If you valuate all card combinations relatively equally (or make multiples of each objective with heavy payout and light payout versions of each one), you should find that planning the USE OF THE CARDS IN YOUR HAND will make the game more challenging than trying to hope for a high-value, difficult-to-obtain objective.

This is just a suggestion, but additionally, you will find that with such even distributions (the number of card types exactly matches the number of times they appear in each combination) the probability of 4 of a kind is so close to 1-2-3-4 that valuing the two objectives differently is relatively moot.

The reason the probabilities vary so greatly in rummy and poker with a standard deck of cards is that the number of cards in each suit varies in a 3-to-1 ratio to the number of suits.

No, I would stick with 3,4,5 or even 6-card combos (depending on hand size), but make the benefit for completing them relatively even (only slightly better for getting 4-of-a-kind than 3-of-a-kind). If you do not, your slippery-slope mechanic would unbalance the game too often.

For example - let us say that the chance of getting 6-of-a-kind (or a 3-3-3-2-2-1 combo, or whatever combo you chose) is 1,520,386 times LESS LIKELY than getting a 3-of-a-kind. Would you make your player get over one million more of the benefit just because he got the luck of the draw? It seems ridiculous, but when dealing with probability - it happens.

Look at the back of a "Quick Draw" lottery ticket (or review the odds for KENO - it's the same game). You will notice that getting 10 numbers right pays out $500,000 in some cases, but getting 8 numbers right pays $50,000. That's a $450,000 difference for getting 2 more numbers right. The difference between getting 1 number right and getting 3 numbers right (still only a 2-number difference)? $2.
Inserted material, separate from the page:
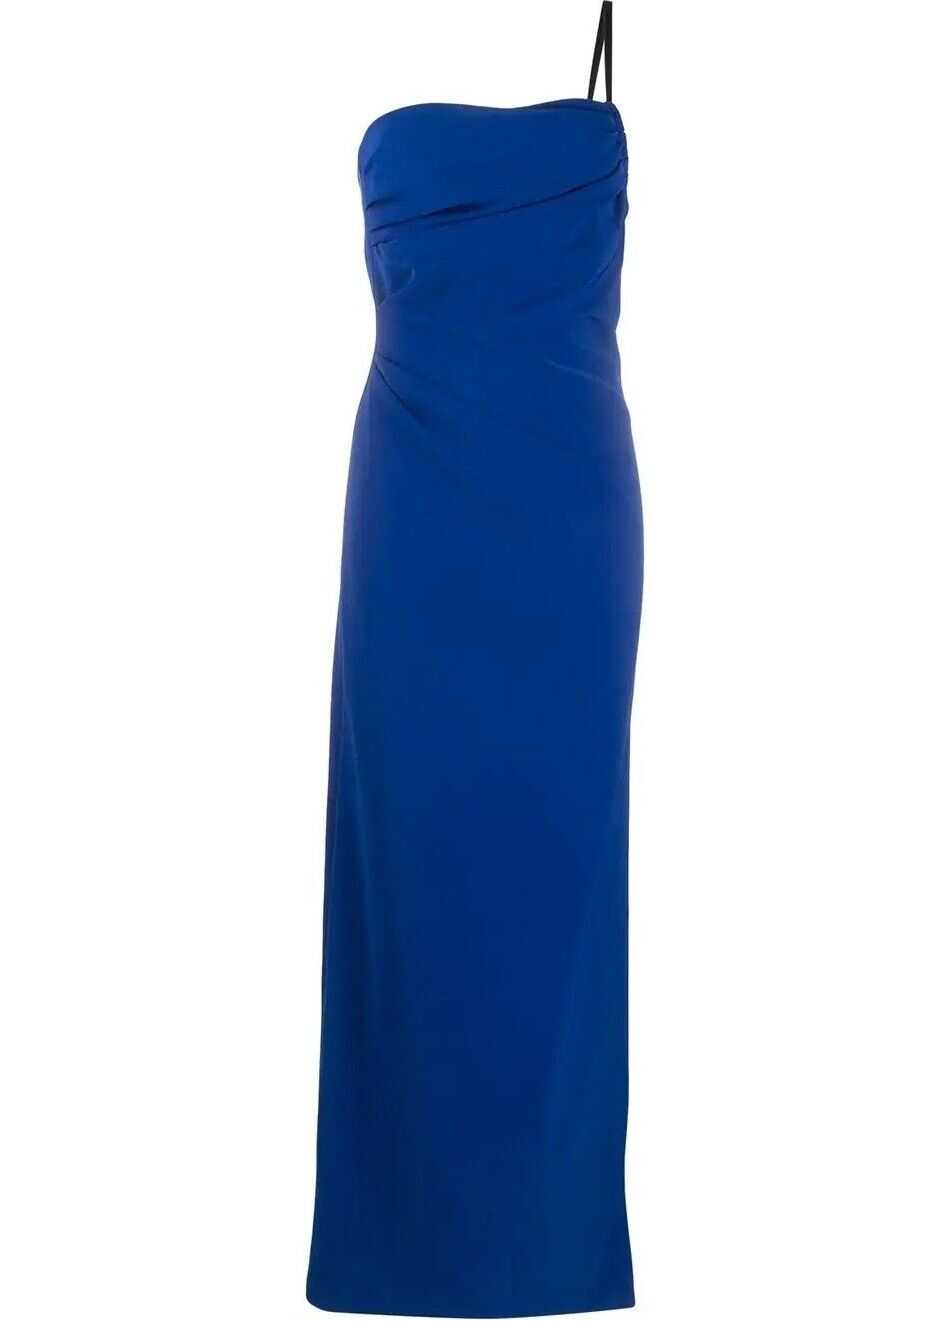 LOVE Moschino Polyester Dress BLUE

I would make a set of payouts that are relatively balanced FIRST, and assign them to the cards in a RELATIVE way (i.e. - 4-of-a-kind is harder to get than 1-2-3, so assign it a "better" payout), not an ABSOLUTE SCALED way (as stated above - so that someone on their first turn gets $1 for playing a 3-of-a-kind and the opponent, on their first turn, gets over $1,000,000 based on their lucky hand - the game would not necessitate a second turn at that point). This will keep the game balanced and make runaways less likely.

That said, and regarding the "quest":

If there is another overall objective inherent in the game (some arc-story-driven quest), you might want to add a choice when completing smaller objectives -

help yourself (collect some payout)

or hinder the opponent (make them discard cards or even a completed objective).

You could then allow the player to do BOTH if they complete a difficult combination, as rated by the previously discussed probability valuation.

This would allow complexity and strategy for gameplay without limiting turn options, and still allow for use of the probability valuation.

Yes, or even, if you think that's still unbalanced, try

3 cards = 1 pt
4 cards = 3 pts
5 cards = 6 pts

because, in addition to completing harder combinations, you're limiting further options (for each 3 five-card combos, you COULD complete 5 three-card combos).

The idea is to use the probability to create a scale, not to create a gauge. A scale is a relative rating which can be "scaled" up or down to fit a set of parameters. A gauge is an absolute reference, which tells you exactly where something is relative to something else.

Also, I like your idea of having the light/dark combos have different meanings or playability in the game. I look forward to seeing how it turns out!